[Top][All Lists]
[Date Prev][Date Next][Thread Prev][Thread Next][Date Index][Thread Index]
Re: [DotGNU]UCS4 support in Xml
From: |
Rhys Weatherley |
Subject: |
Re: [DotGNU]UCS4 support in Xml |
Date: |
Mon, 10 Mar 2003 19:01:33 +1000 |
User-agent: |
KMail/1.4.3 |
On Monday 10 March 2003 10:19 am, minddog wrote:
> Hey,
> I just added the internal XmlStreamReader class that will complement the
> normal IO StreamReader for UCS4 support. Heres my question though, should
> we make all handling of the encoding portations of XmlStreamReader,
> UCS4Encoding instead of Encoding? I'm not very educated on this subject,
> but UCS4 is basically a larger set of characters opposed to UCS2. Is it
> 16bit for UCS2 and 32bit for UCS4 ? Some help here might answer my own
> questions =) Thanks.
UCS-2 is the character format that is used by most of C#, and that should be
the standard way to process characters internally within the XML code.
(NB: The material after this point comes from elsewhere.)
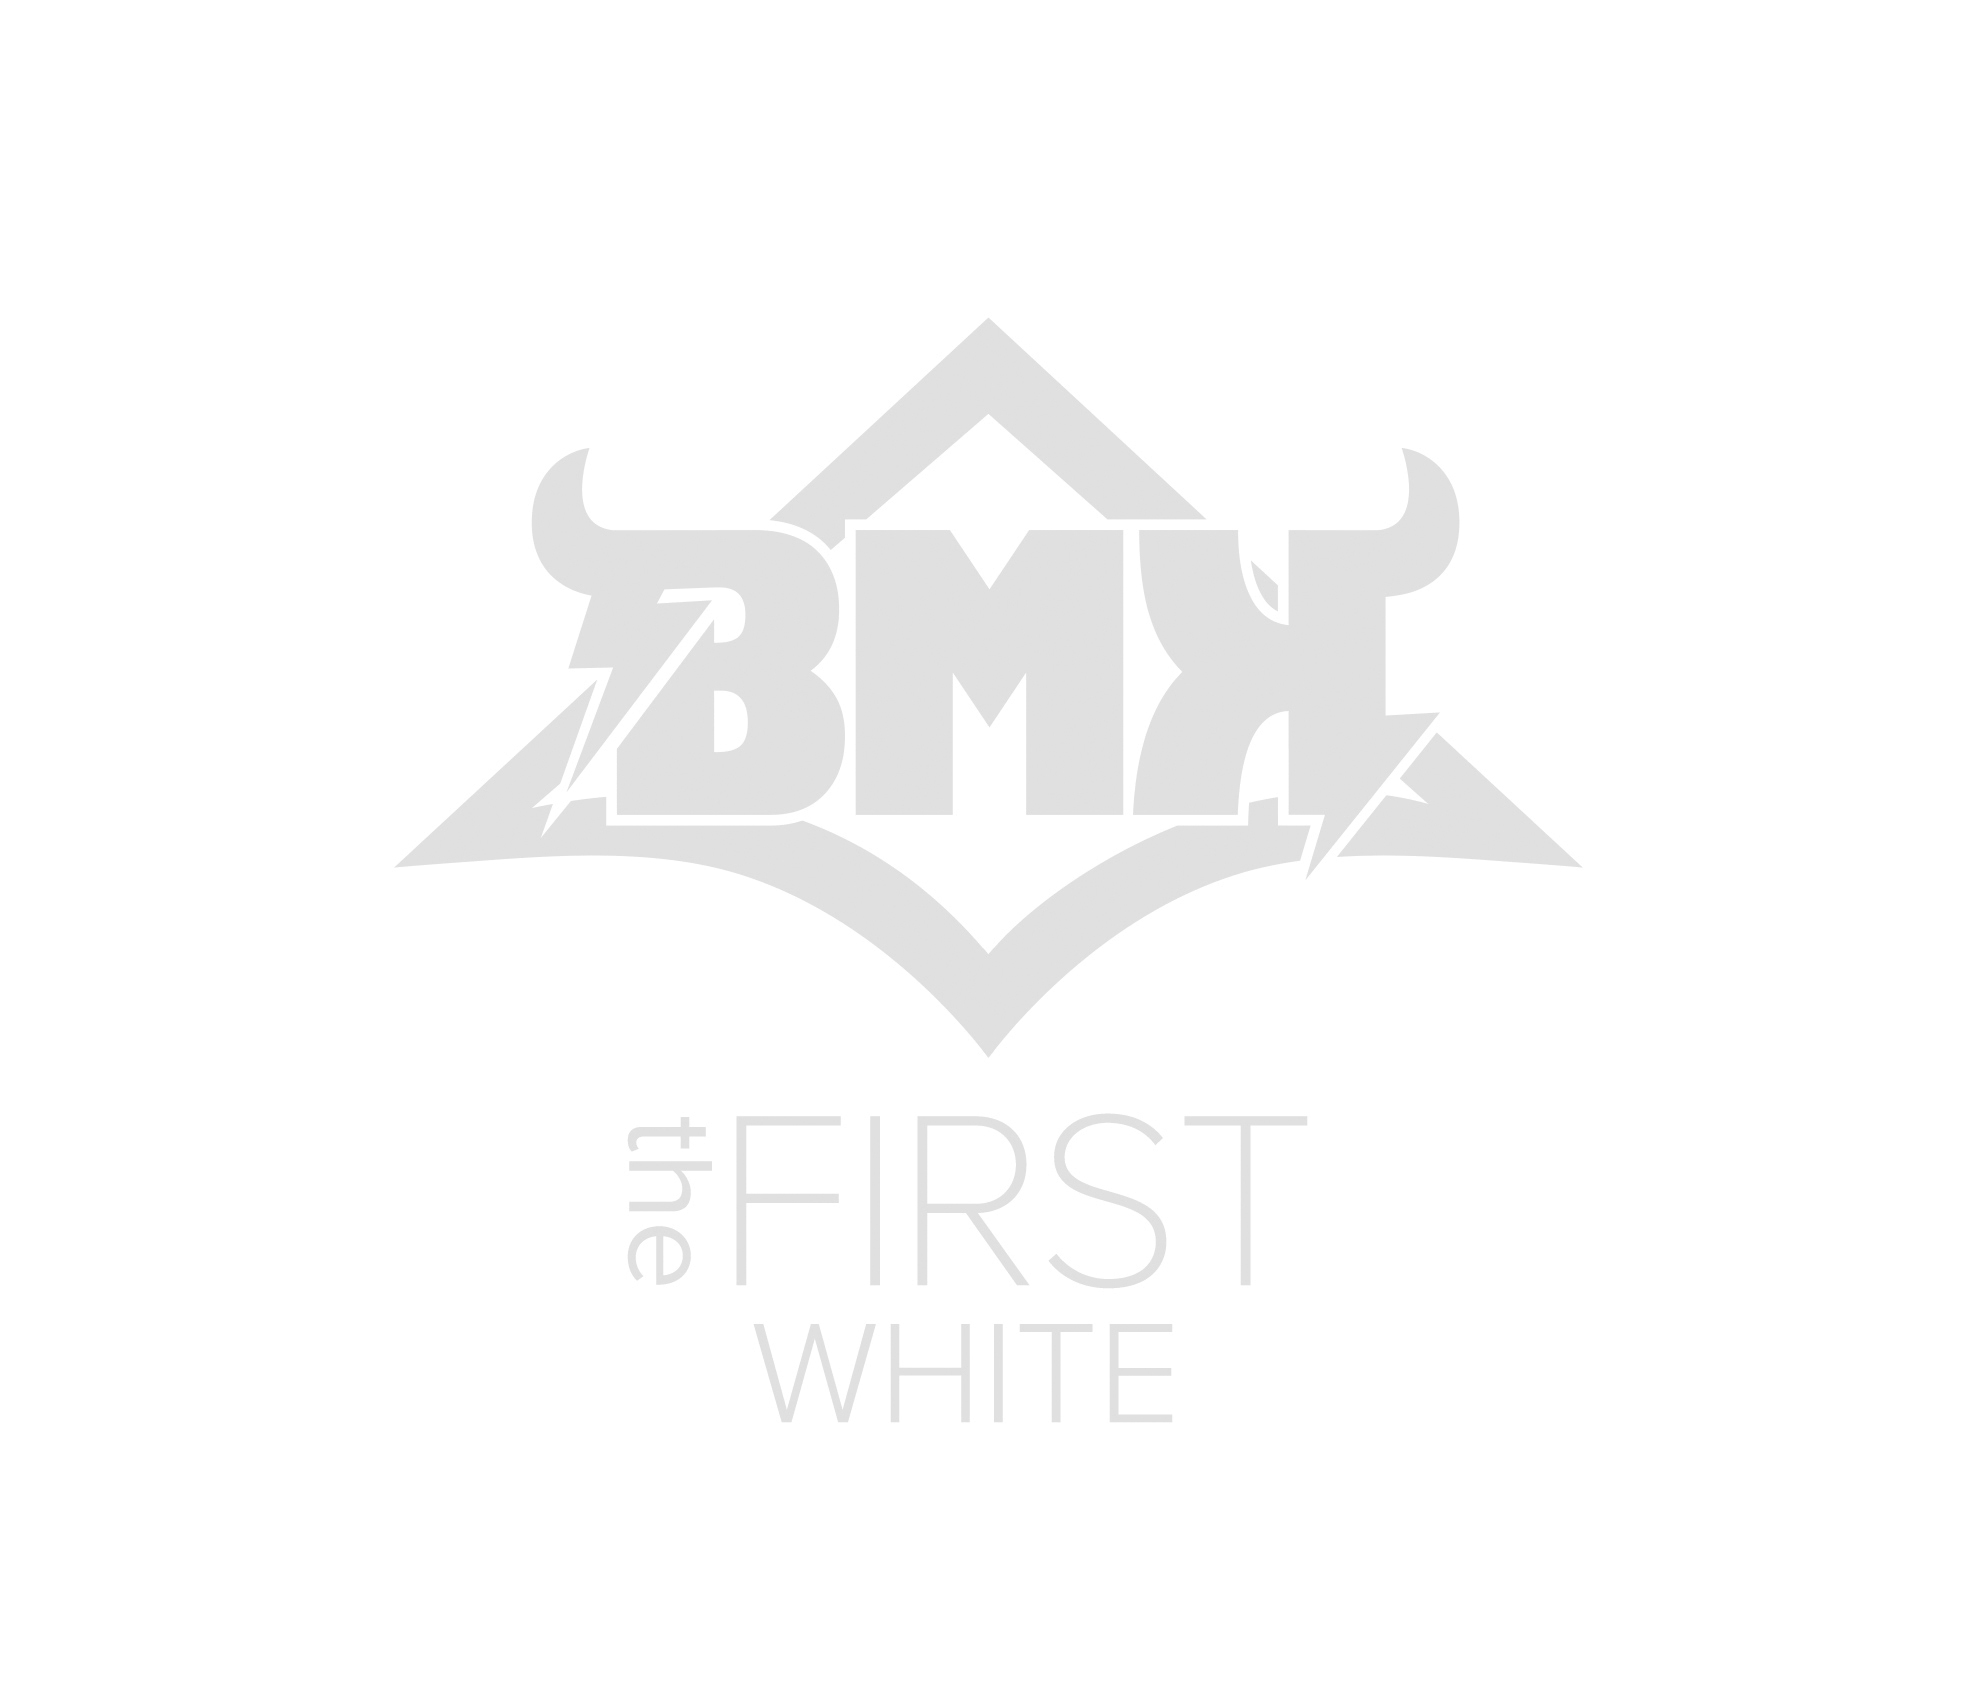 Bmk_thefirst_white

All of the important UCS-4 characters can be represented in UCS-2, either
directly as 16-bit values, or as pairs of 16-bit values (called surrogates).
This gives an effective character set size of about 20 bits, which is pretty
huge (over 1 million characters).
The UCS4Encoding class already takes care of converting 32-bit sequences into
16-bit UCS-2 on the fly, inserting surrogates where necessary. You should
stick to UCS-2 everywhere else in the XML code, including in XmlStreamReader.
It isn't worth using UCS-4 as the standard character set elsewhere.
Cheers,
Rhys.